Chinese authorities seem in no rush to move beyond COVID-zero. Instead, they keep reaching for the same COVID playbook they’ve deployed since Wuhan’s first outbreak.

Hainan authorities blame the outbreak on the fishing trade at a local island port. They believe that some seafood imports were contaminated with COVID-19, which sickened port workers, according to the state-backed China Daily.

For years, Chinese authorities have attributed local COVID outbreaks to imports of foreign goods, starting with the unlikely theory that COVID originated outside of China and was brought into the country via food from overseas. When Omicron was first discovered in China earlier this year, Beijing city officials warned people against receiving international mail on the grounds that parcels could carry the virus. In Hong Kong, authorities culled hamsters after blaming a Dutch critter for a local outbreak.

Experts have long said that it’s highly unlikely that traces of the virus on imported fish or mail are sparking outbreaks, but blaming foreign objects has been an effective way for authorities to deflect responsibility for outbreaks.

China has administered restrictive lockdowns, stopped people from traveling, and deployed mass testing measures every time outbreaks have sprung up since early 2020. More recently, Chinese authorities have attempted to confine lockdowns to specific neighborhoods or even buildings when they find cases. But they also have not shied away from broader citywide lockdowns—such as in Shanghai or Xi’an this year—when outbreaks get out of hand.

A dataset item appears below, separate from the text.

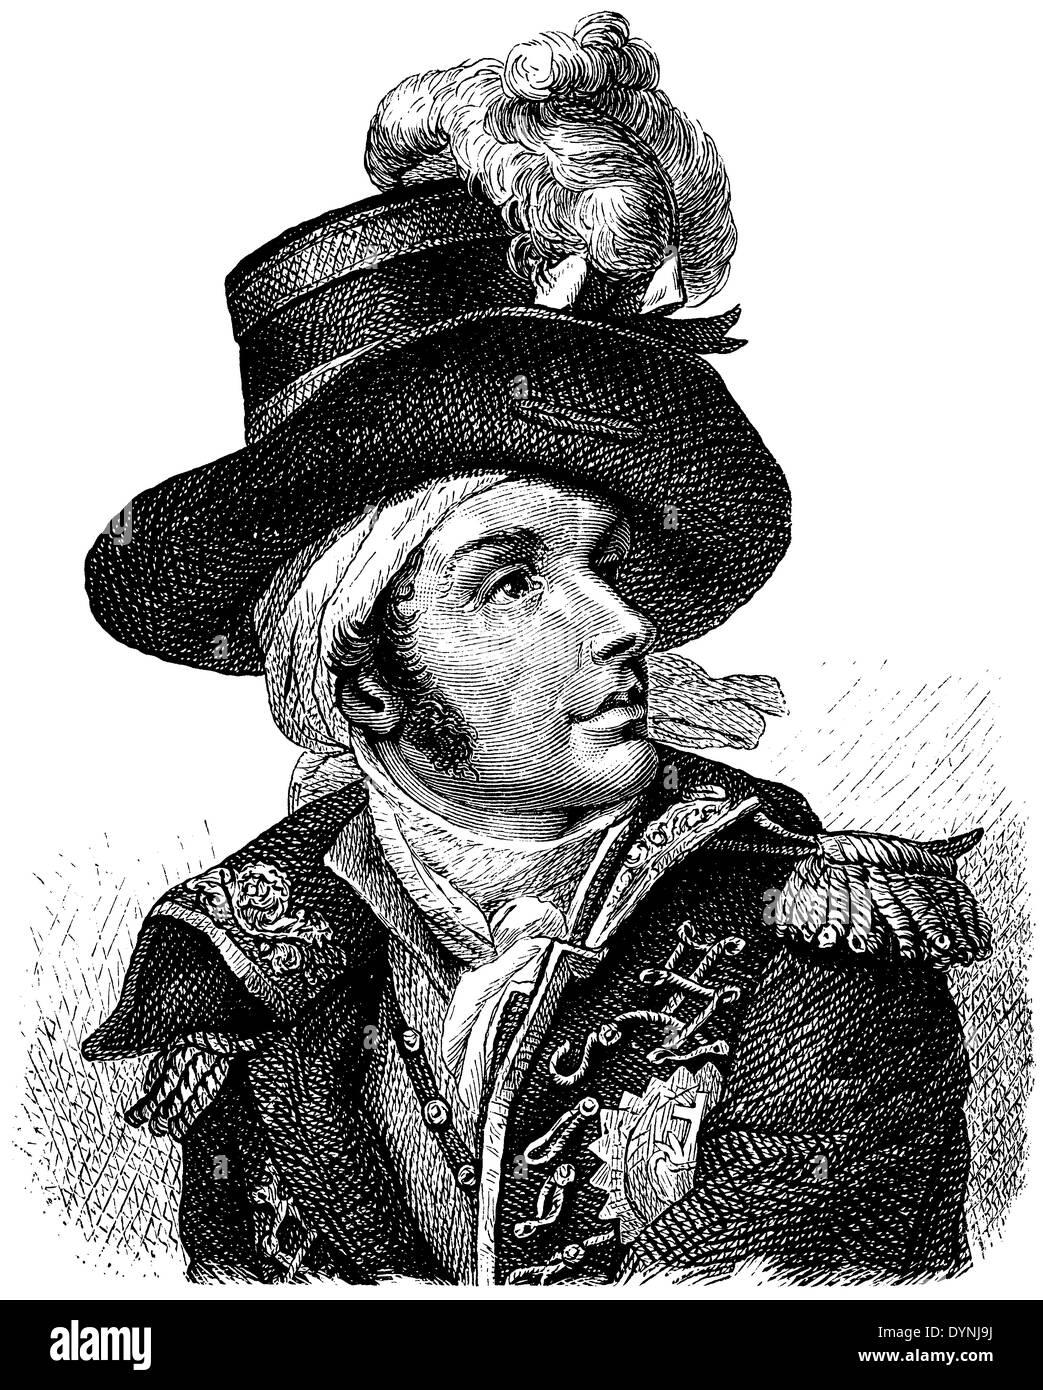 François de Charette - Wikipedia, la enciclopedia libre

Hainan authorities certainly don’t want the island to become the epicenter of a BA.5 outbreak. The highly transmissible Omicron subvariant has quickly become dominant in the U.S. and elsewhere but has not yet gained a foothold in China. Hainan authorities say they are battling BA.5.1.3, a cousin of BA.5 found mostly in Germany.

An island

Before the new outbreak, Hainan’s low COVID case count boosted its status as China’s premier beach destination. The island has also benefited from China’s mostly closed international borders and onerous quarantine requirements that have all but barred Chinese tourists from traveling overseas.

In 2021, Hainan welcomed 81 million tourists, just below the 83 million who visited in 2019 before the pandemic. But the new outbreak likely will keep Hainan from matching that figure this year.

“People are devastated,” says George. “This is just going to absolutely decimate the economy here.”

To leave, George and other stranded tourists must take five government-administered PCR tests over the next seven days. He says that he is still free to move around outside his hotel. Most establishments are closed, but there is one grocery store where he can buy food. He can walk on a promenade next to the beach, but the beach is now closed due to the outbreak.

Flights may resume when he finishes his weeklong testing regimen, but he’s not overly optimistic. He says he feels more trapped now than he did in Shanghai amid the city’s two-month lockdown earlier this year.

“At least Shanghai, it wasn’t an island,” says George. “There was still an element of flexibility when it came to movement. Now we’re at the mercy of airlines being able to get in.”